The Anvil took me in when I had no business raiding. They let me back in after I took time to head to greener pastures in Karazhan. They kept me on and rewarded my persistence with a permanent slot. They kept me on again when better-geared, better-skilled tanks “took my jerb.” They kicked my ass when I needed it and reassured me when I needed it. They had faith in me when I had lost my own faith in my ability to play this game. They gave me the room and opportunity to develop the confidence to turn, eventually, into a pretty decent warrior tank. They are my friends, and I’ll do anything for them.
And last night, the scrubby hybrid-spec warrior in the mismatched level 55 greens…now transformed into the fully-sanctified-T10-wearing badass tank he never thought he could become…tanked the bloody Lich King.
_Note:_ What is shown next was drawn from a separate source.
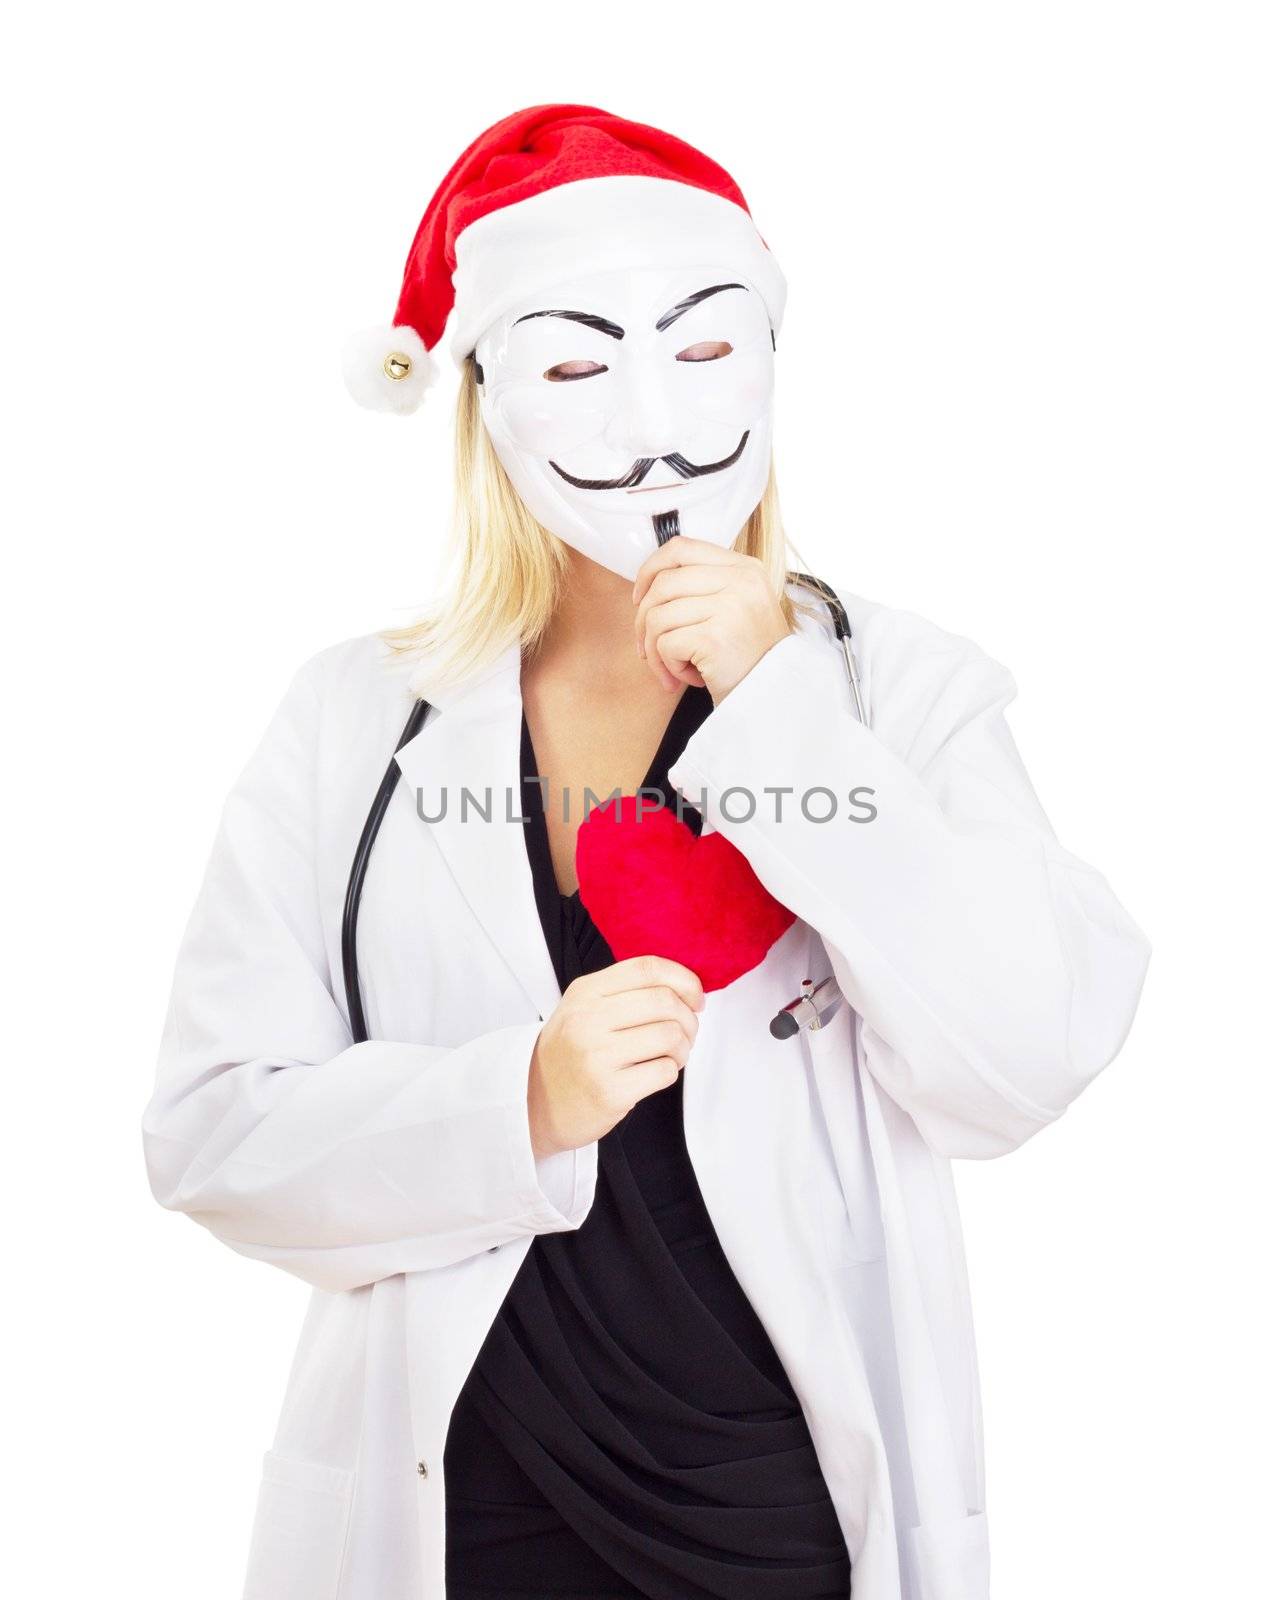 Medical doctor with a guy fawkes mask

And won.
All of the problems that were spinning around me yesterday are still there this morning. Our one working vehicle is still laid up at the mechanic and we don’t know how we’re going to pay to fix it. One of our cats is still a bit sick in his tummy and stinking up the place. We’re still broke. The house is a mess. I still have four projects at work in various stages of “oh shit.” None of that has changed.
But for a few magical minutes last night, none of it existed. There was nothing but a group of friends, accomplishing a task set in front of them, and culminating a journey that started four and a half years ago. Winning the game.
For now, the world can bite my shiny metal ass. I’m a Kingslayer, biatch.